━━ DATA SUPPLIED ━━
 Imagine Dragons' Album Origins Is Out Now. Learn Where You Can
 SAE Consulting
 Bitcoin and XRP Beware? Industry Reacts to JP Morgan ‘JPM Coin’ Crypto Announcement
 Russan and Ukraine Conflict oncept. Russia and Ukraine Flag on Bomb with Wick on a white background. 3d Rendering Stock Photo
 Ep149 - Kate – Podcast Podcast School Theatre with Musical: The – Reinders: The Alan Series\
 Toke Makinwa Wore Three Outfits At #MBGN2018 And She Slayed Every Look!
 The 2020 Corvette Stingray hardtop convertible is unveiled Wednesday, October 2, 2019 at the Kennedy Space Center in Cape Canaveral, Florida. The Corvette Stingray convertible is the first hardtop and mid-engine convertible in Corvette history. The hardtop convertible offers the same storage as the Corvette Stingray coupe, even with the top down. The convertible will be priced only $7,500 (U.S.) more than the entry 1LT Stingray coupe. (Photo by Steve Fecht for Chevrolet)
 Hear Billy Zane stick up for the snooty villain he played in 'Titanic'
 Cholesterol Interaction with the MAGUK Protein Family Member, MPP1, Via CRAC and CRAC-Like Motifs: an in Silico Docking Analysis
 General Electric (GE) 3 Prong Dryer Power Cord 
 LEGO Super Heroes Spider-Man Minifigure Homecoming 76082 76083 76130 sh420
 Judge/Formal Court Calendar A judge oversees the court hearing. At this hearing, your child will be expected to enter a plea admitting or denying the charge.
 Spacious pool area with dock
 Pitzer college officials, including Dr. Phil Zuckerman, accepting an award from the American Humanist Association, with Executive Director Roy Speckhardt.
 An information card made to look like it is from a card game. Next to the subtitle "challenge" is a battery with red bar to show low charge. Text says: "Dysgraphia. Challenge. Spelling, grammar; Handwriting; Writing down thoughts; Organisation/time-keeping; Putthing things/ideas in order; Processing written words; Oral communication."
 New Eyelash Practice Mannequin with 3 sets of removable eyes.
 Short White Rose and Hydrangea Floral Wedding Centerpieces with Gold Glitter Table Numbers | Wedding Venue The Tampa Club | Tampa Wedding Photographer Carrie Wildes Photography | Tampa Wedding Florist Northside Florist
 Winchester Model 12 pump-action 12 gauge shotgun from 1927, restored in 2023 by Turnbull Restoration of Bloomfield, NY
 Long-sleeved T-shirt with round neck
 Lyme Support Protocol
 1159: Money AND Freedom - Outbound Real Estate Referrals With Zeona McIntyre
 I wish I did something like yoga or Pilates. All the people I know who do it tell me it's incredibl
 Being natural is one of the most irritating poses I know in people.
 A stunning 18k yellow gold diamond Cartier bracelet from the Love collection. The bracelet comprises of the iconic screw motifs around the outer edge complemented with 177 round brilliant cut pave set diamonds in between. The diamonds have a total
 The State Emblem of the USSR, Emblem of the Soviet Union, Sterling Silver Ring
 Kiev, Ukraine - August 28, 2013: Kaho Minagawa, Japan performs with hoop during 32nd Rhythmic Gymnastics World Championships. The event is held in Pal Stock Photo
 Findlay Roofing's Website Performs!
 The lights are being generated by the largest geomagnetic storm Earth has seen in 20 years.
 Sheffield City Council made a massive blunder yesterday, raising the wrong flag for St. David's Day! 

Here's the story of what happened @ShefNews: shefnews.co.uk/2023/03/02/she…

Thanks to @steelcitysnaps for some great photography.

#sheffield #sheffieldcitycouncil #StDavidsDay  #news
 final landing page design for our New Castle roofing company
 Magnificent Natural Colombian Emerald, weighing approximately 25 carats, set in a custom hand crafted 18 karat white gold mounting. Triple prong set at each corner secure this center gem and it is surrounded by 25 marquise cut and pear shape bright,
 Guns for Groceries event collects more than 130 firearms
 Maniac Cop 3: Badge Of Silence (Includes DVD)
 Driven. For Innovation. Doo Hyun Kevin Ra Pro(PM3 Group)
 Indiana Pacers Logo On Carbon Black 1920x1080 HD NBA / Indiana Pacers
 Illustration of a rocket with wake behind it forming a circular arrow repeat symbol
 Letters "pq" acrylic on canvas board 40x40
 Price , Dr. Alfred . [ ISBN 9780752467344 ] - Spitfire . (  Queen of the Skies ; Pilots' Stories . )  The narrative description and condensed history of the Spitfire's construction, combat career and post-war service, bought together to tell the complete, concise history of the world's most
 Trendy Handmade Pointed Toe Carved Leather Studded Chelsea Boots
━━━
TASK INSTRUCTIONS:
In the entries above, the lines between the one holding "Cholesterol Interaction with" and the one holding "Judge/Formal Court Calendar", inclusive, are to be printed exactly as written, and those alone.

REPLY TO THE EXERCISE:
 Cholesterol Interaction with the MAGUK Protein Family Member, MPP1, Via CRAC and CRAC-Like Motifs: an in Silico Docking Analysis
 General Electric (GE) 3 Prong Dryer Power Cord 
 LEGO Super Heroes Spider-Man Minifigure Homecoming 76082 76083 76130 sh420
 Judge/Formal Court Calendar A judge oversees the court hearing. At this hearing, your child will be expected to enter a plea admitting or denying the charge.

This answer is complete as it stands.